I also set the timeout to 30s and still getting the same errors

spaullilly commented 1 week ago

I figured out what was going on with the bind: already in use issue. No need to look further here. Though a caching layer would be helpful here. We have 2 scrapers running and the 2nd request fails with this.
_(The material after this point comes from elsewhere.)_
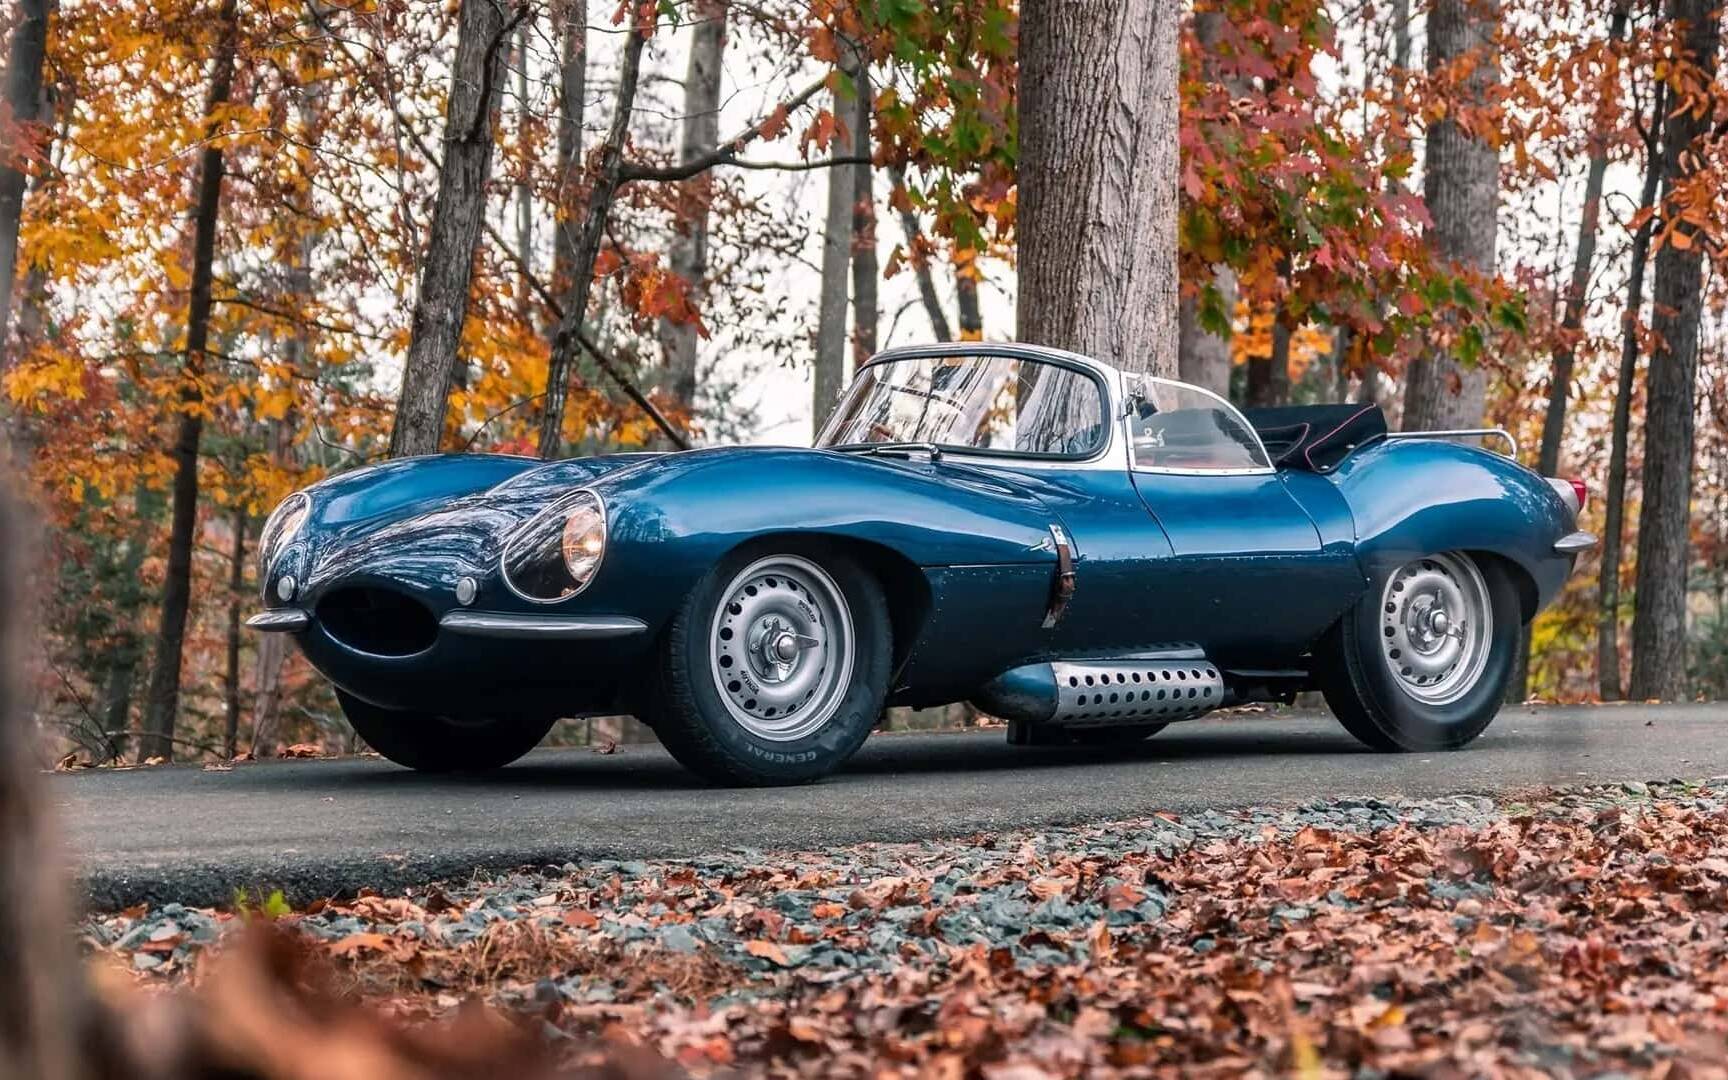 vendre - Cette Jaguar XKSS 1957 pourrait se vendre pour plus de 18 M$ 581468-cette-jaguar-xkss-1957-pourrait-se-vendre-pour-18-m

But the I/O is happening randomly (more persistently). Some calls work within a second, while others will get tracking and then timeout on getting serverstats and some will simple fail to get both within the timeout. I have the timeout set to 30s (previously 5s) and at that duration completion, it shows this error.

Maybe this is a issue with chronyd resources?

SuperQ commented 1 week ago

I guess the way the unix socket works, you can only make one connection at a time.

We could change the unix socket code to make one shared connection.